Given that BI thought leaders are wrestling with the notion of events, perhaps we will see a BI-mainstreaming of event processing in the not-too-distant future. Interest in streams and events has definitely picked up in the last few months, and next year could very well be the break-out year for BI on data and event streams.

Seth Grimes, Contributor

July 1, 2009

5 Min Read

Given that BI thought leaders are wrestling with the notion of events, perhaps we will see a BI-mainstreaming of event processing in the not-too-distant future. Myself, I was way ahead of the game in my expectations of demand for BI access to stream sources. While a combination of legacy database and analytical technology has held BI back, lack of perception of need has been a far greater factor, especially given the under-utilization of conventional BI decades after the term first became popular.

Interest in streams and events has definitely picked up in the last few months -- I've reported on novel applications for "continuous transformation" and otherwise done a bit of writing to promote awareness -- and next year could very well be the break-out year for BI on data and event streams.I'm actually currently running a survey on the topic. I'd very much welcome your participation. The survey is titled "Continuous Intelligence: BI Beyond Real Time." You can respond anonymously. The aim is to understand the needs of data and analytics users. The survey sponsor, Aleri, will send the first 200 respondents a $5 Amazon gift card in thanks.

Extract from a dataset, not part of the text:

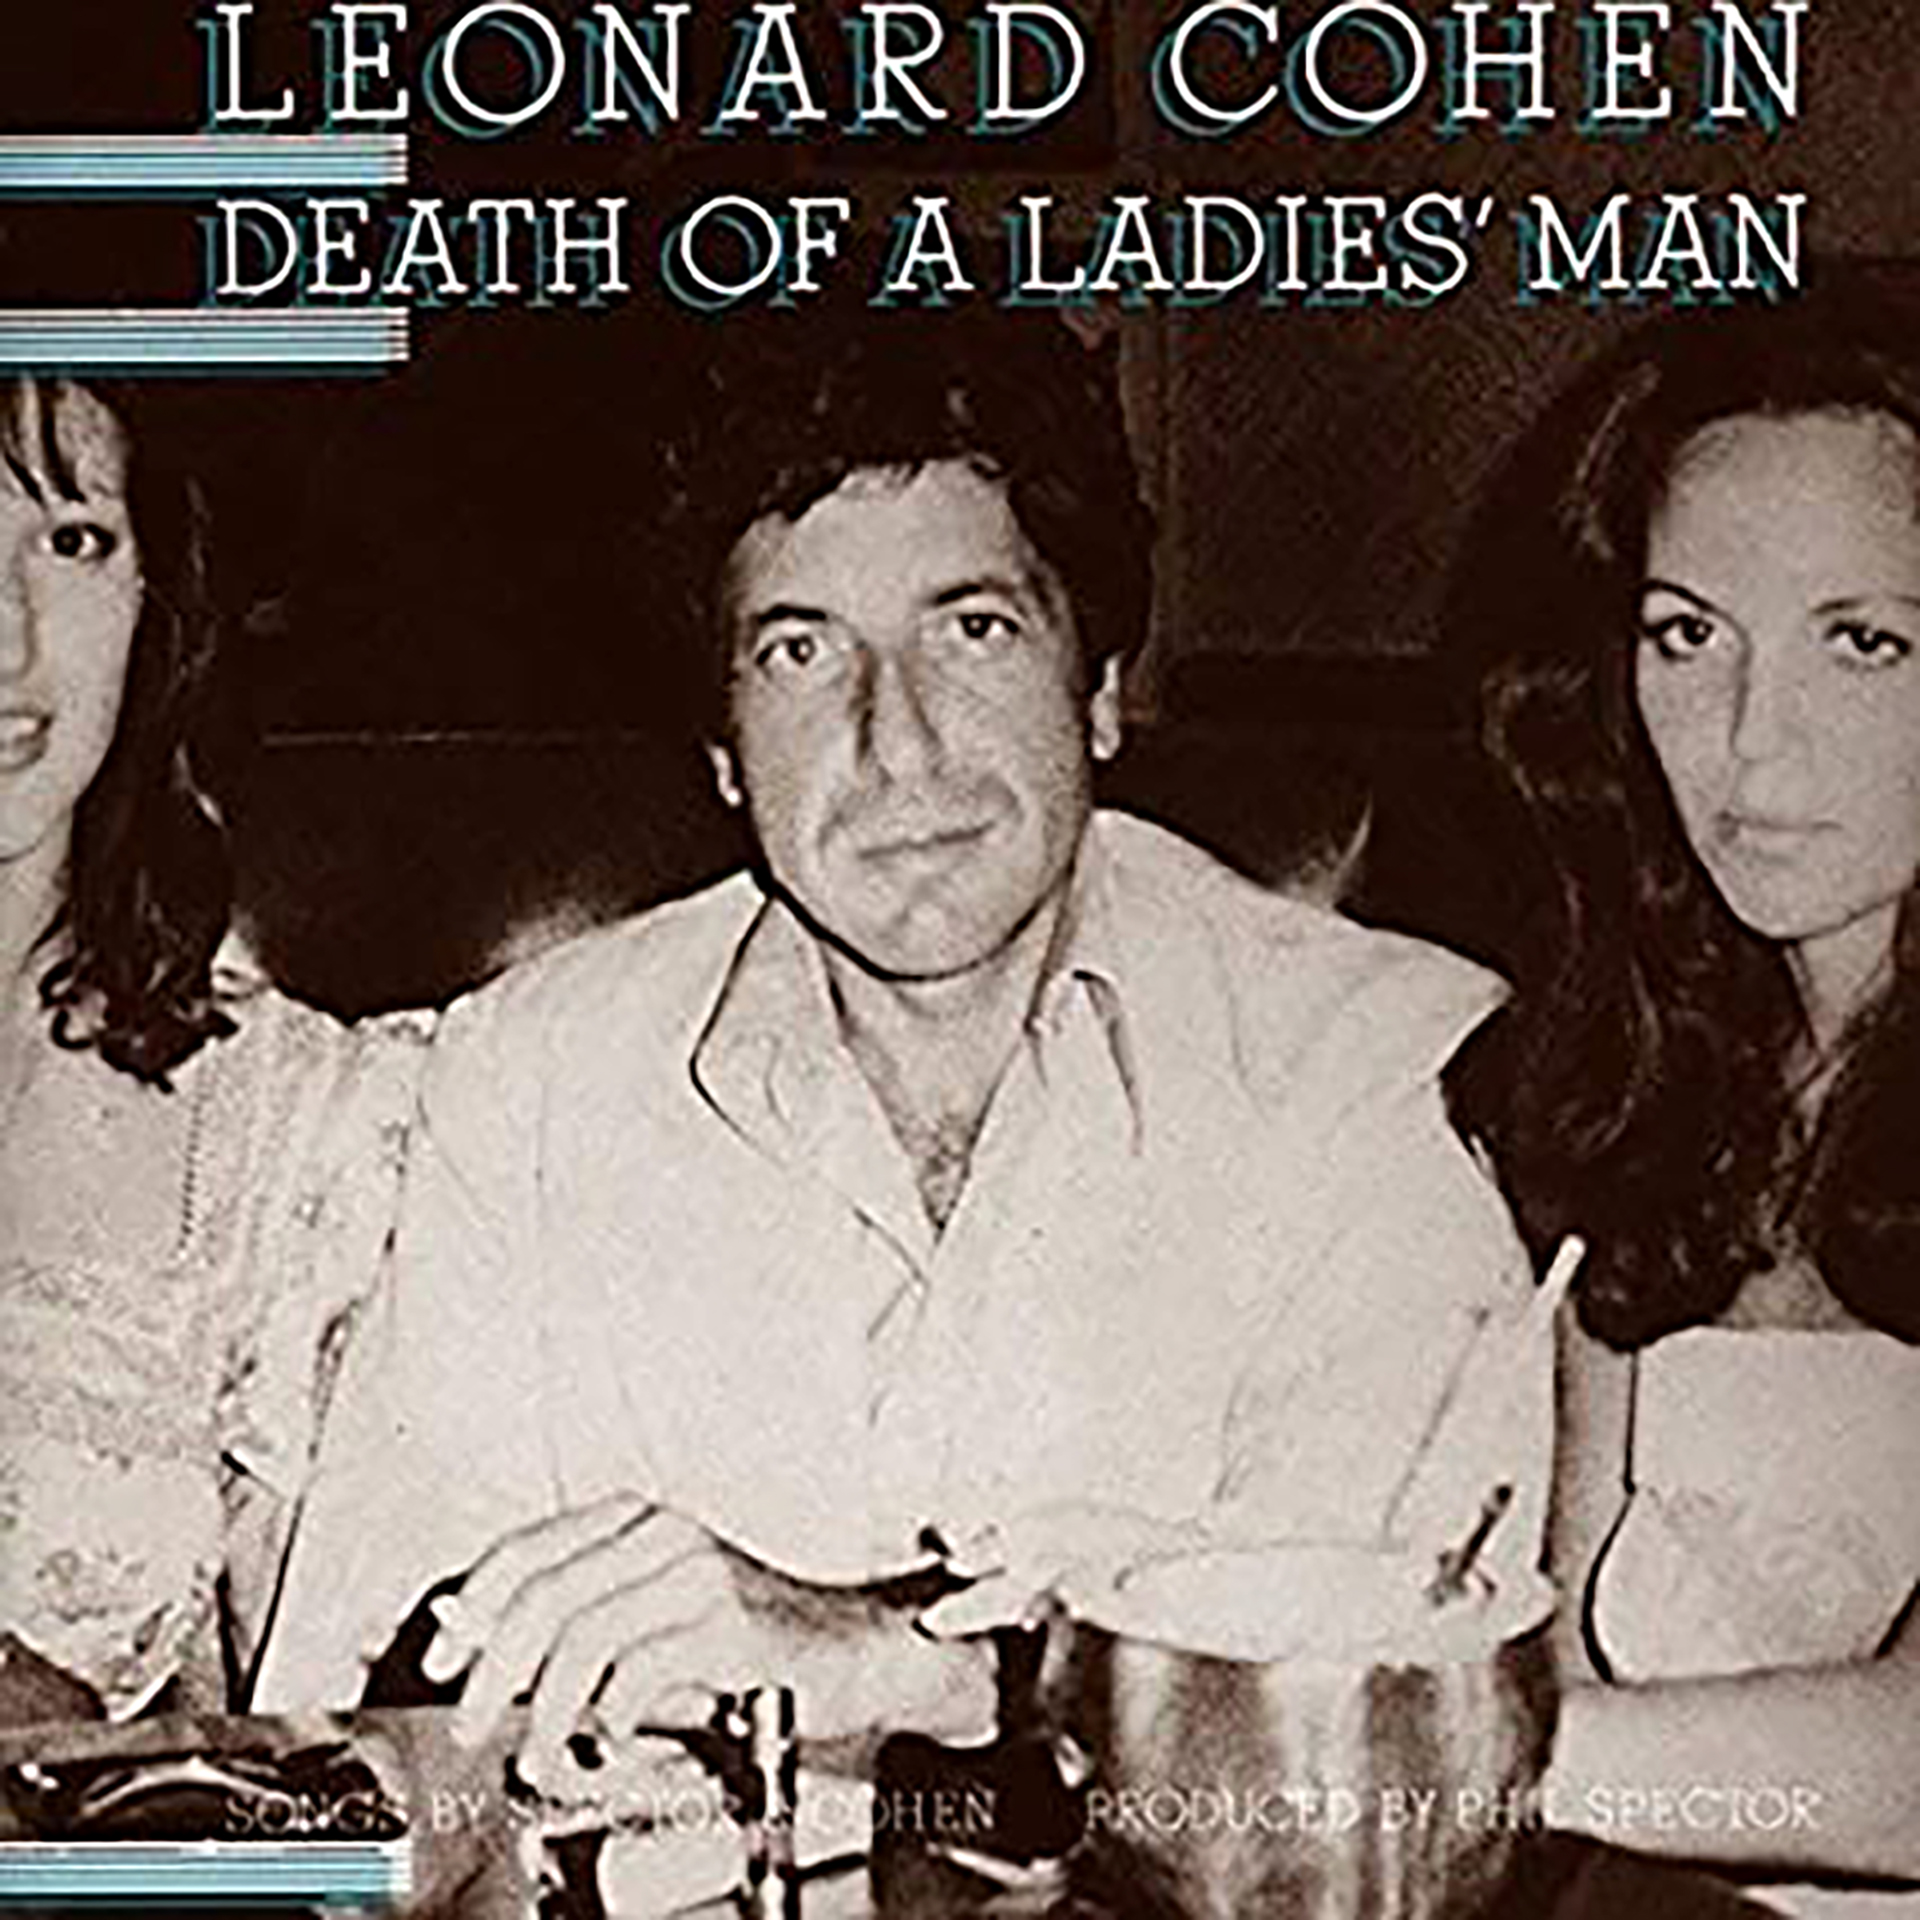 Leonard Cohen fue uno de los artistas que lo contrató. También fue uno de los que sufrió sus amenazas. Spector le apuntó con un arma en medio del estudio.
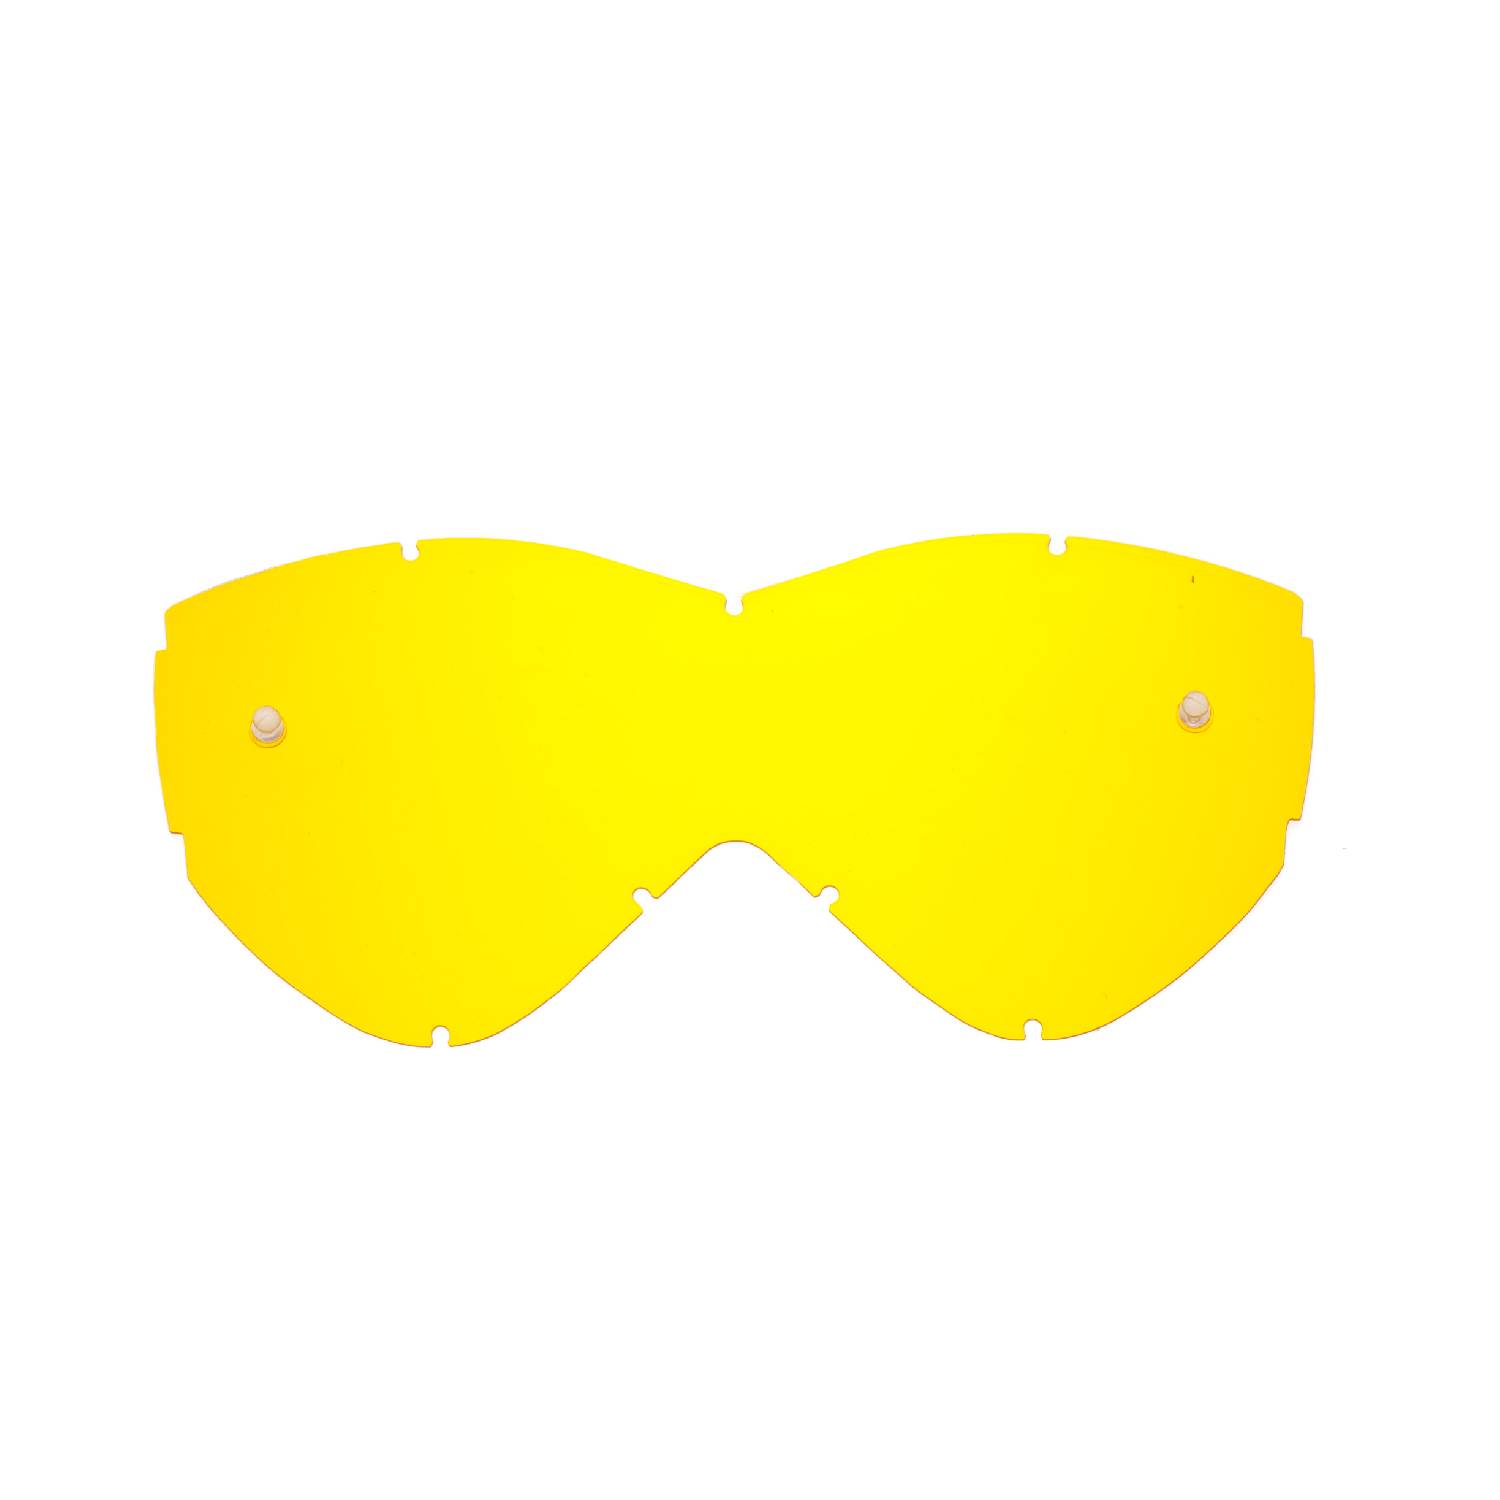 Lente di ricambio gialla compatibile per occhiale/maschera Smith Warp

I realized only yesterday that Aleri has trademarked the "continuous intelligence" term. That's disappointing. While there are definite advantages to owning a distinctive, well-chosen term -- independent of Aleri's sponsorship of my work, I think "continuous intelligence" is a very apt term for BI-style application of Complex Event Processing (CEP) tools and techniques applied EP for BI," -- I think that Aleri would be better served by broad adoption of the term.

By contrast, Forrester Research analyst James Kobielus has put forward the term "really urgent analytics," which he characterizes at "the sweet spot for real-time data warehousing." But that term relays only half the picture. It doesn't (fully) acknowledge the data side, that users need real-time data and not just fast analytics. More recently, on twitter, Jim has advocated simply "eventing," which to me is vague. Jim plans Q3 research on the topic. He's very astute, so I'm sure he'll be refining his thoughts and that his report will be very worth reading.

The idea behind continuous intelligence and other adaptations of CEP to BI contexts is to drive faster decisions and actions across the enterprise with real-time analytics on both real-time and historical data, the latter typically managed in a data warehouse. (I arrived at some of this language in the course of discussions with Aleri marketing VP John Morrell.) CEP software is designed to analyze and transform "data in flight" without requiring data to be loaded to a data warehouse. It additionally supports sliding time and record windows -- for example, all data received in the last 15 seconds or the last 20 records received -- with long-running queries registered in the server to wait for and act on the occurrence of data events.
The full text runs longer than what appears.